All of this made me realise that in a way there is no solution to severe eczema because it is a ‘spiritual’ dis-ease – it is meant to bring you to a point of complete despair where your mind has no more solutions and basically surrenders to what is. So I was trying to surrender but I realised that I was still imagining an ‘I’ who has to surrender and it wasn’t working. So then I just gave up pretending that I knew anything about anything, admitted I didn’t know what to do, didn’t know how to surrender, didn’t know who I was etc etc. And in this way I really surrendered and there was a breakthrough – and I realised that the eczema had been leading me to this point of surrender all along.
There is the desire to be cured of the eczema, and there is the fact that one has it, and these are two opposites fighting each other.

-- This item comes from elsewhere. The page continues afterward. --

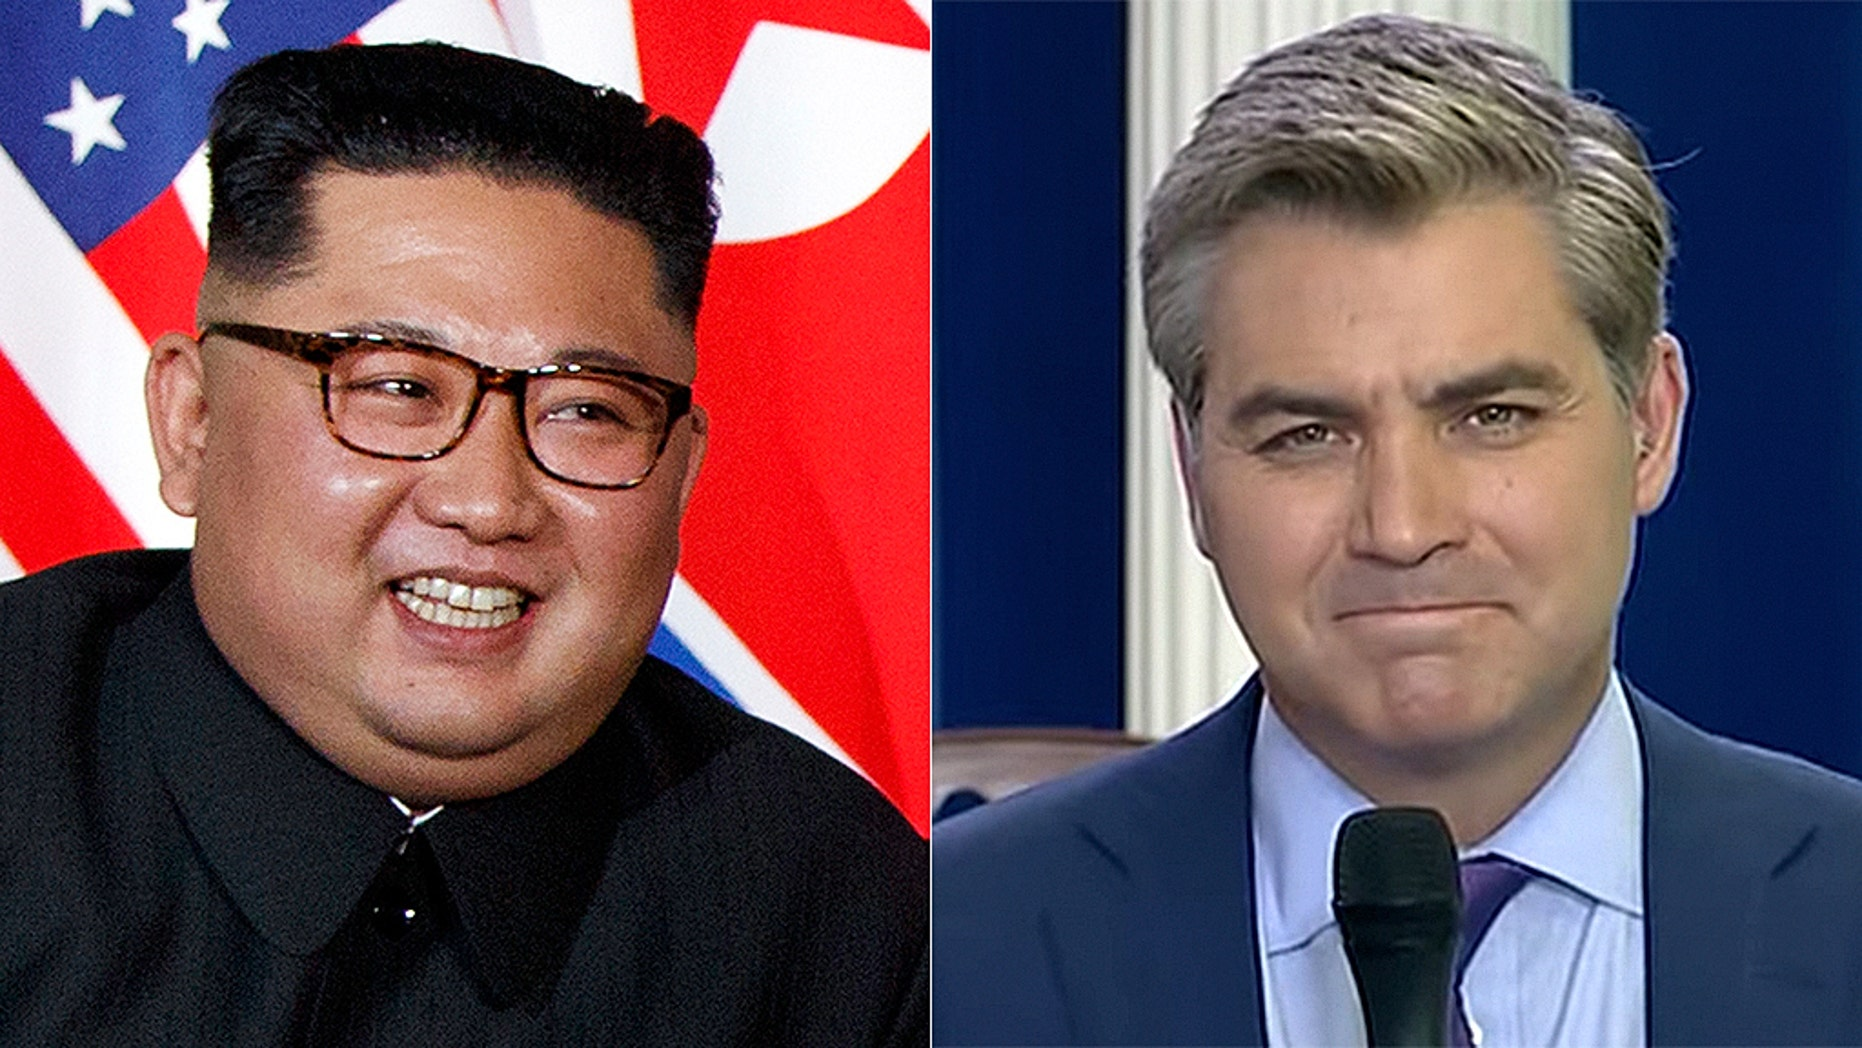 North Korean leader Kim Jong Un, left, got a taste of CNN star Jim Acosta's grandstanding questions Tuesday.

This produces great despair, but in fact rather than being a negative thing, this is actually the only thing which allows one to transcend the mind and its solutions (‘if I try this, maybe I’ll be cured…’). Also this is a paradox because I believe that the only way to be cured is to surrender totally to the fact that one wants to be cured but cannot be.
The next day I felt like a weight had been lifted from me, there was no more despair at a deep level, I felt like I had understood that life is always pushing us into these ‘no exit’ situations and this is the only thing which allows true breakthroughs to happen. Also we can see this in the situation in the world today; we are being pushed as a species towards a crisis point of utter despair, and from there the new solutions will arise.
The Zen masters understood this when they set ‘koans’ for students: questions with no answer, like the famous ‘what is the sound of one hand clapping?’ – they knew the students would be pushed into a breakthrough by the tension created by this unsolvable problem.
So I guess that in a way, eczema is a koan…”.
So if eczema is a koan, it is a brutal one, and possibly one which comes to pass when the individual has been out of balance for a long time. It is said that we can choose the ‘path of Wisdom or the path of Woe’ – eczema is definitely the path of Woe, but the point is, they both lead to the same place – where we only know that we actually don’t know, and our precious self-importance has been dampened or even extinguished.